Glioblastoma (GBM) trials and therapeutic devices (Optune)

Hi Marcy, I found this about the Nativis Voyager
- An early feasibility study of the Nativis Voyager® device in patients with recurrent glioblastoma: first cohort in US https://www.futuremedicine.com/doi/full/10.2217/cns-2018-0013

If you are in Quebec, Canada, then this publication from CADTH (Canadian Agency for Drugs and Technologies in Health)
- Alternating Electric Fields (“TumourTreating Fields”) for the Treatment of Glioblastoma (English) https://www.cadth.ca/dv/ieht/alternating-electric-fields-tumour-treating-fields-treatment-glioblastoma
- Les champs électriques alternatifs (« champs de traitement de la tumeur ») pour le traitement du glioblastome https://www.cadth.ca/fr/vd/ieht-fr/alternating-electric-fields-tumour-treating-fields-treatment-glioblastoma

Allo Colleen, thank you for your help. It's really appreciated.
The Optune option seems serious to stop the growth of the recurrent GBM. Good news! But at 21 000$ per month for canadien, ouch (!), it is really expensive. That's the reason why I search for another device, maybe Nativis, but the science of Nativis is really different. Optune stop the mitosis. Nativis seems to reactivate the immune system but there's no clinical proof of that Nativis concept.
If you find any other good science information regarding Nativis, please let me know.

I chose quality vs quantity of life so I am not taking tramadol or using Optune. I have been doing great:)
On Chinese herbs and vitamins and get therapeutic dose of vitamin C IV every couple of weeks. Last MRI July 19th and tumor threatens to grow back but has not:)

I wanted to catch up those of you in this discussion on glioblastoma trials and devices and see how things are going recently.

@bjh369 - how have things been going? When do you have to undergo another MRI?

@marcyprof - did you end up trying out the Nativis device you mentioned in this discussion?

Lisa Lucier@lisalucier, no, I don't have the opportunity to try physical devices (like Nativis) against GBM. I have had 14 intra-arterial chemotherapy treatments and I am currently under observation. I have been on the ketogenic diet since the start (fall 2018) and I take a lot of supplements (advised by my naturopath, Ben Williams and Jane Mc Lelland). I'm pretty good. The Radical Remission book also helped me see my GBM differently. I am hopeful of being able to heal! (To say that a year ago, I was convinced that I would not go through the year - I have come a long way since).
Good luck to all. Remember, it's not over until it's over (as long as there is life, there is hope).

Hi folks, I was wondering if some of you or your loved ones have had experience with the Optune device in treating Glioblastoma and could offer your thoughts on what that experience has been like?
For instance, were you on other treatments PRIOR to starting Optune?
AFTER starting Optume, what are your experiences with quality of life, side effects, timing of starting Optune post radiation/surgery/etc., recurrence risks, etc.? Thank you!

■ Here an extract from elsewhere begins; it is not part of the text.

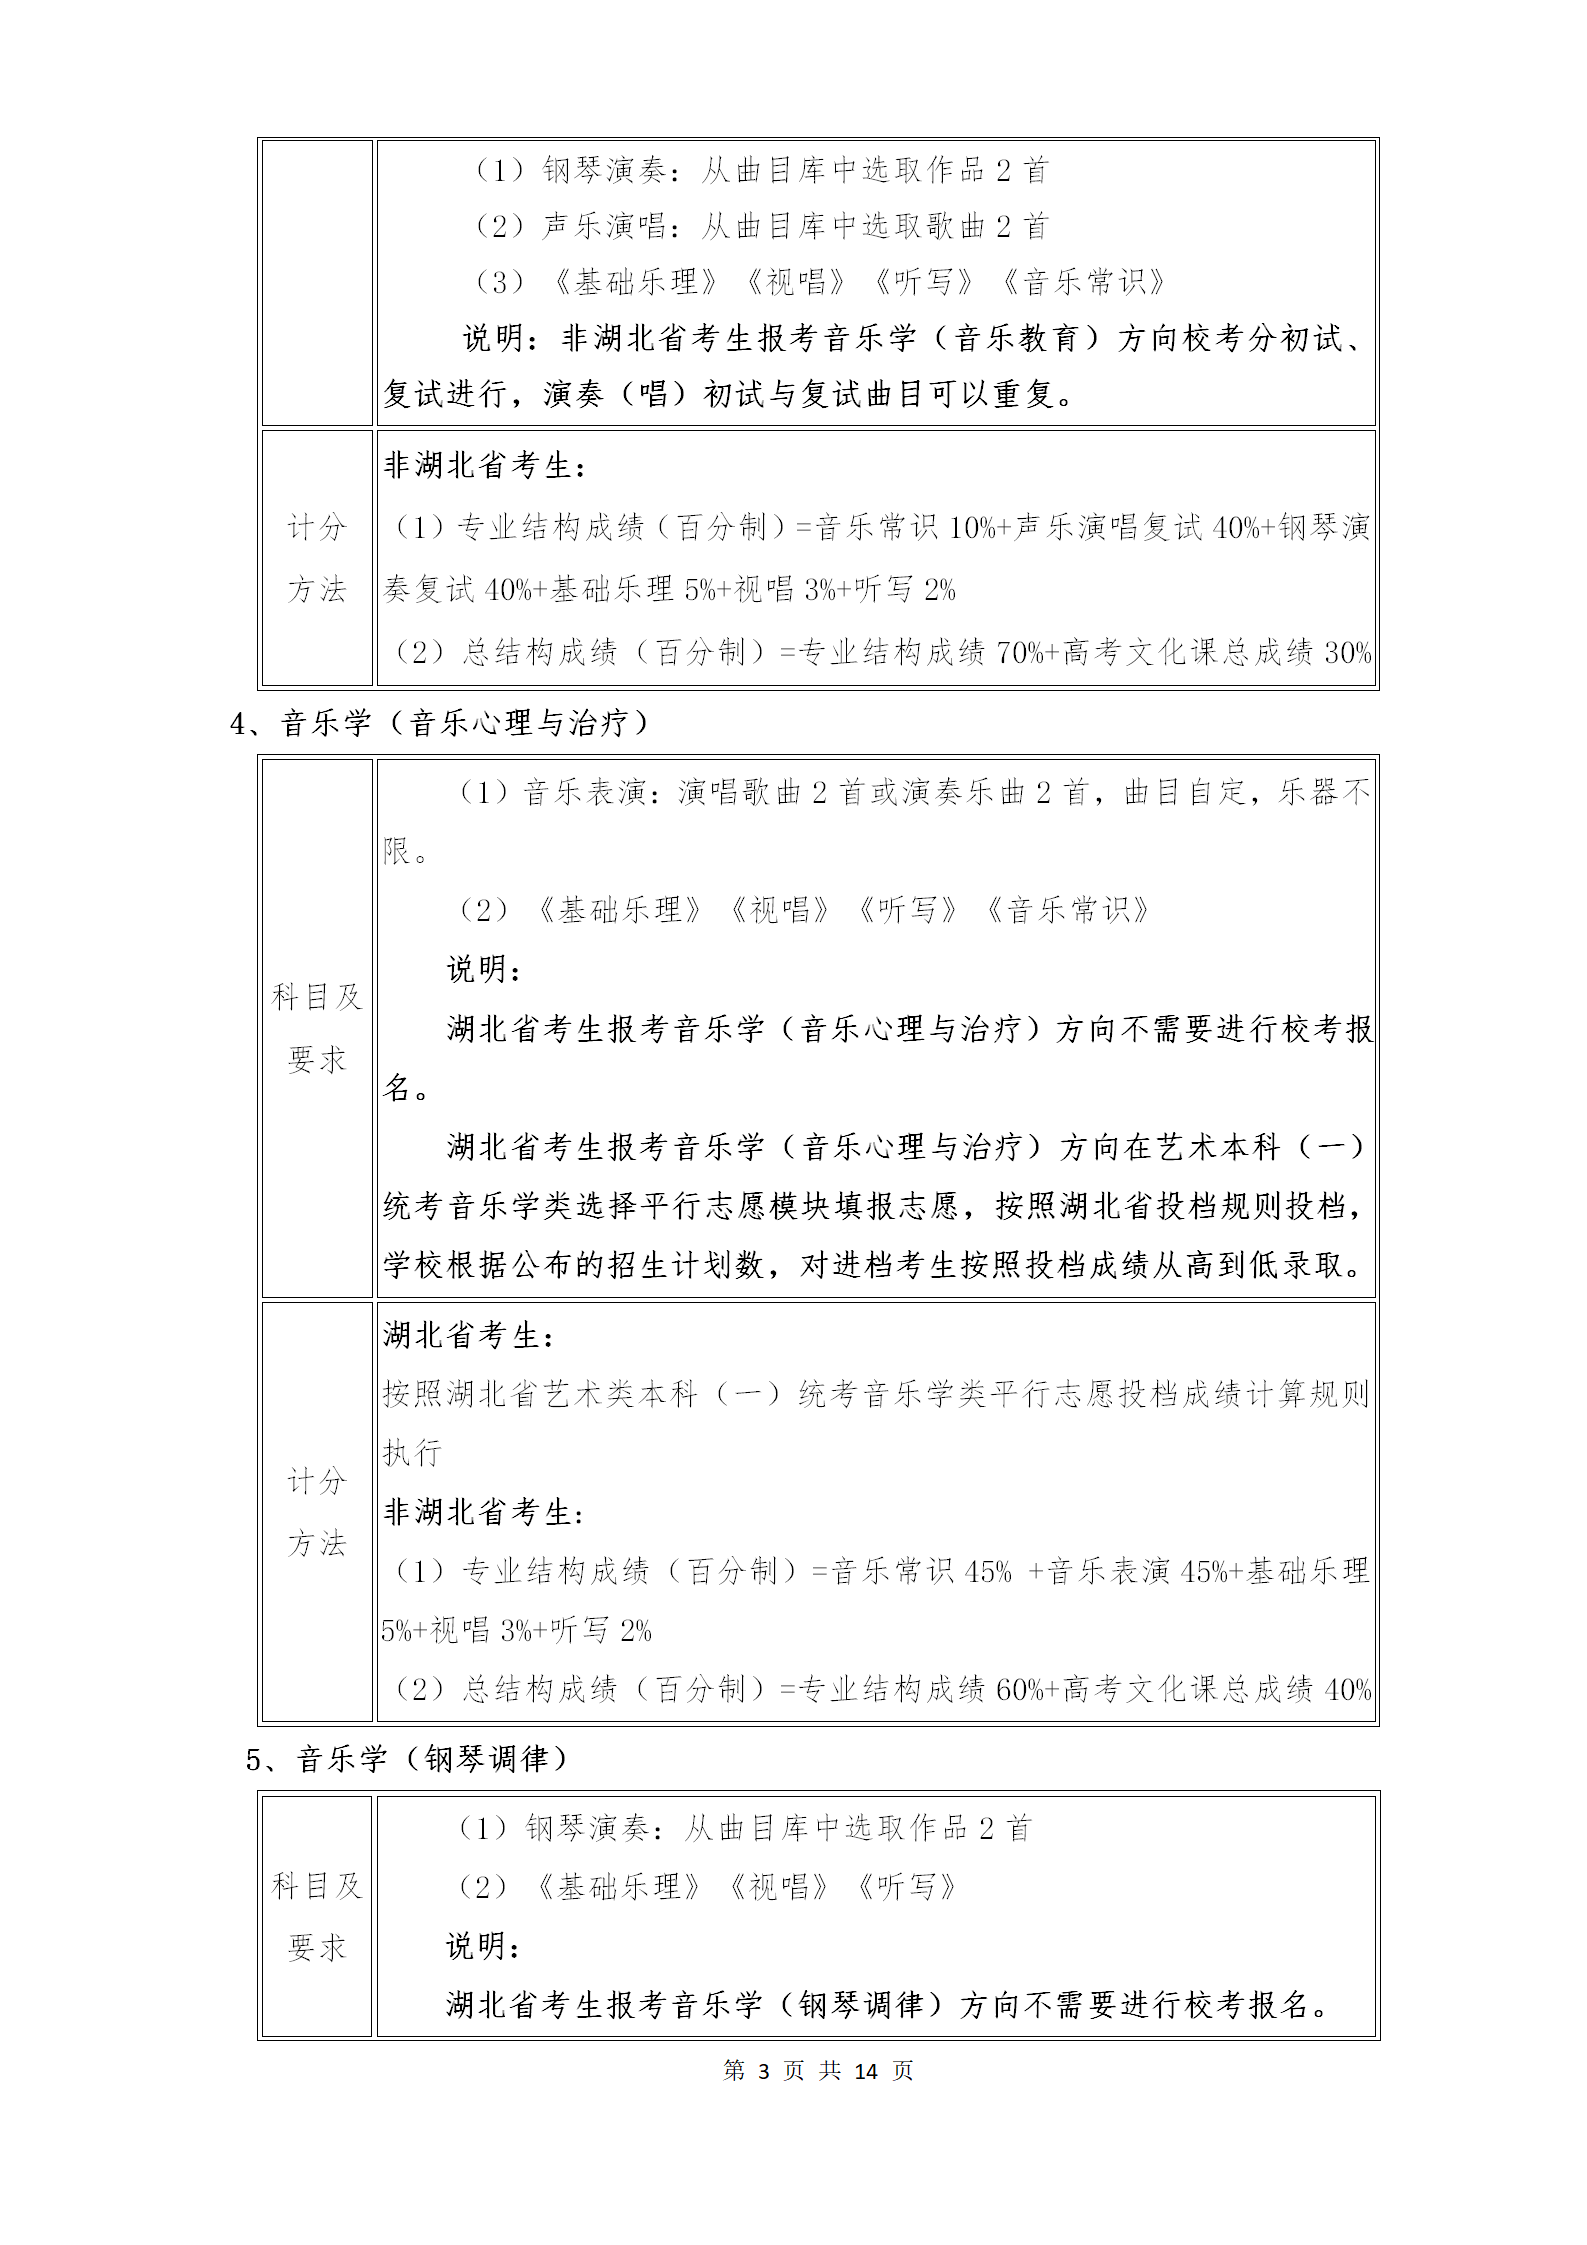 附件1：武汉音乐学院2021年普通本科招生专业考试内容和计分方法（调整版）_03.png

@daughterfuturemd, great questions. I moved your message to this existing discussion about the Optune device. In addition to @marcyprof, I'd like to bring @debraannk and @nursnis into this discussion to help you find answers to your questions about Optune.

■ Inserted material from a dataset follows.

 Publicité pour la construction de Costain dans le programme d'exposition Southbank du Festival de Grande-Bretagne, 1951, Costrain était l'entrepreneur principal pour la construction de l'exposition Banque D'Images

You may also be interested in this discussion.
- Recurrent GBM and treatment options? https://connect.mayoclinic.org/discussion/recurrent-gbm-treatment-options/

Is your father a candidate for the Optune device? Can you remind me what treatments he has had?

Thanks for redirecting my post to the right thread @colleenyoung 🙂 I think so?? He has had surgery and is undergoing radiation at the moment WITHOUT Temodar given the risk of immunosuppression and COVID-19. The plan post radiation was briefly mentioned to us and consisted of possibly pursuing Optune once the follow-up MRI has been done 4-6 weeks post completion of radiation.

Who is using this device and what are the pros and cons?

Otis used this device for about 10 months while he was getting every other week infusions of Avastin. His MRI's showed tumor decrease during this time until the 10th month when it showed an increase. If you look through all my posts for Otis, I had given a summary of the Optune Cap and even posted pictures. They are still on the site.